Shootout: Battle of the super Spyders

Shootout: Battle of the super Spyders

There are levels to the high-performance car game. From humbler, hot hatchbacks to fire-breathing exotics, the spectrum delights all observers with an inkling of petrol in the veins. This month we are zoning in on a middle ground. The four offerings here are obviously anything but entry-level. They are supercars, after all.

But since the technological goalposts have shifted, that title no longer denotes absolute superiority in automotive terms. It would not be remiss to say supercars sit between sports cars and the contemporary breed of hypercars. Then of course, this niche has a commonality by its ability to unite drivers with the magic, sights and smells of the outdoors.

Audi R8 V10 Spyder:

Newest of the lot is the Audi R8 Spyder V10 Quattro S-Tronic, yours from R2 905 500. Discard the ideas of inevitable dynamic consequences that beset cars after the top has been chopped. Because Audi seems to have done its homework, purporting a 50% higher torsional rigidity than the previous Spyder.

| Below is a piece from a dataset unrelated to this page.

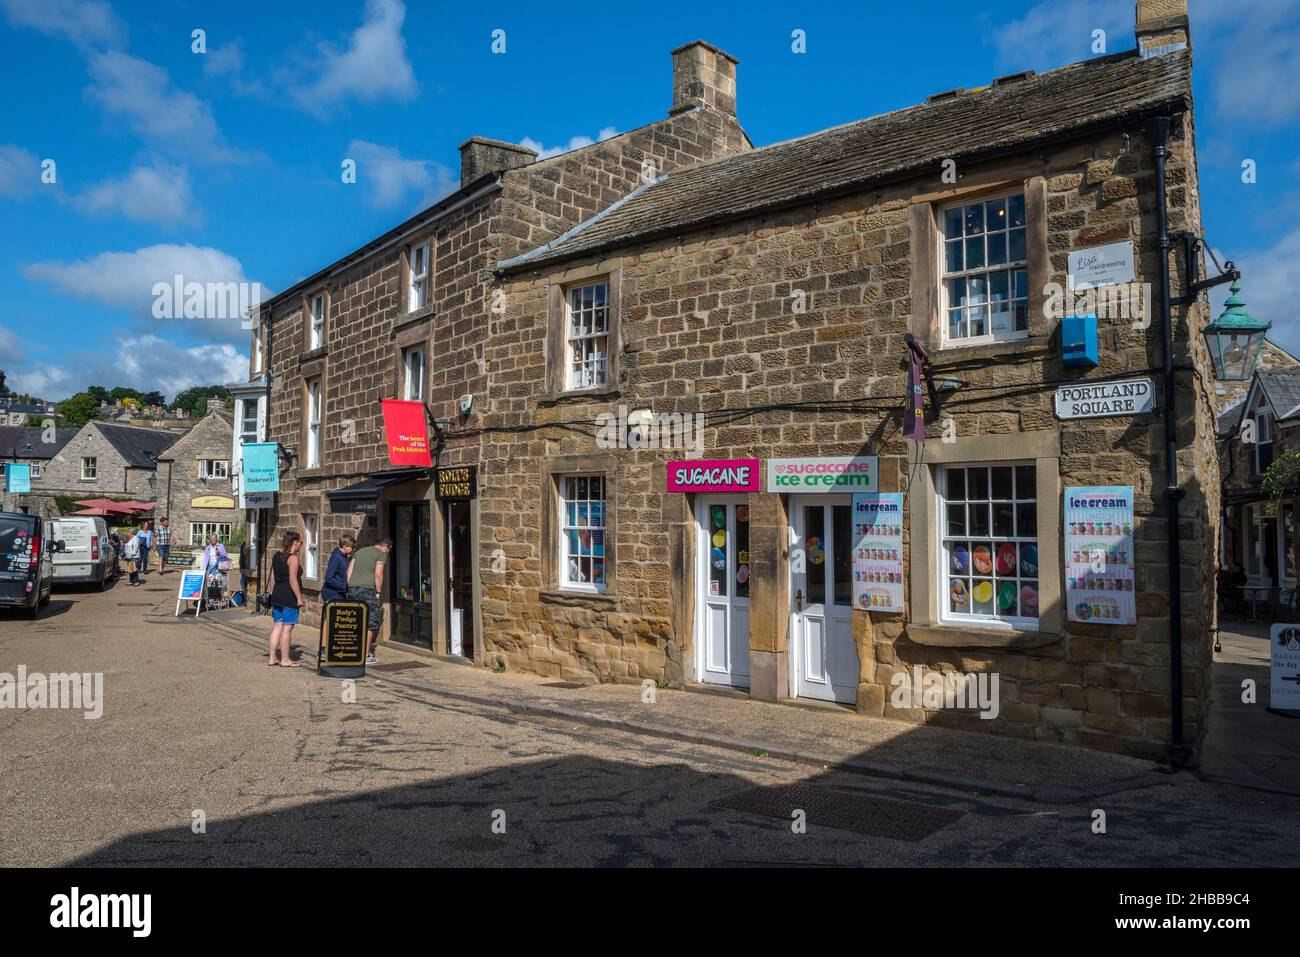 Portland Square, Bakewell, Derbyshire Stock Photo

And if day-to-day enjoyment is the priority, rather than exploitative pursuits on the back roads, then the topless variant could be more flattering than the hardtop. Because it gives full aural access to the 5 204cc, normally-aspirated engine (397kW and 540Nm) behind you. A true screamer all the way to 8 700rpm, it delivers the novel assortment of machine-gun pops when you blip down the seven-speed transmission.

Jaguar F-Type SVR Convertible:

The Jaguar F-Type SVR Convertible has the interesting distinction of being one of the least expensive cars (R2 314 000) in attendance. Note that we strayed from saying cheap. Launched locally in 2013, the F-Type evoked all manner of praises, largely hinged on nostalgia for the iconic E-Type. But it has proven its mettle as a true sporting machine with its own identity. Lesser guises fall into the realm of the sports car designation, but the potent SVR elevates the stock of the F-Type into loftier branches.

True to the spirit of the growler brand mascot, it stood out on our driving stint as a properly feral machine. That is owed greatly to the might of its supercharged, 5 000cc V8 engine (423kW and 700Nm), which produces a sound that shakes the ground below. Seriously, the soundtrack borders on obnoxious — but boy, is it awesome.

Standard all-wheel drive should not be construed as unconditional forgiveness should you get too carried away. No doubt, the SVR is a violent and aggressive feline, but an immensely charming one, especially in this Convertible format.

Lamborghini Huracán Spyder:

Interesting that some passers-by mistook the Audi R8 Spyder for a Lamborghini. Since the Audi shares much of its technical constitution with the Huracán, also dubbed Spyder in ragtop guise. Although it employs the same 10-cylinder heart, the Italian car claims a greater output (449kW and 560Nm) and manufacturer representatives claim the driving characteristics are stark. But you are only likely to tell after driving the two back-to-back — at full-chat.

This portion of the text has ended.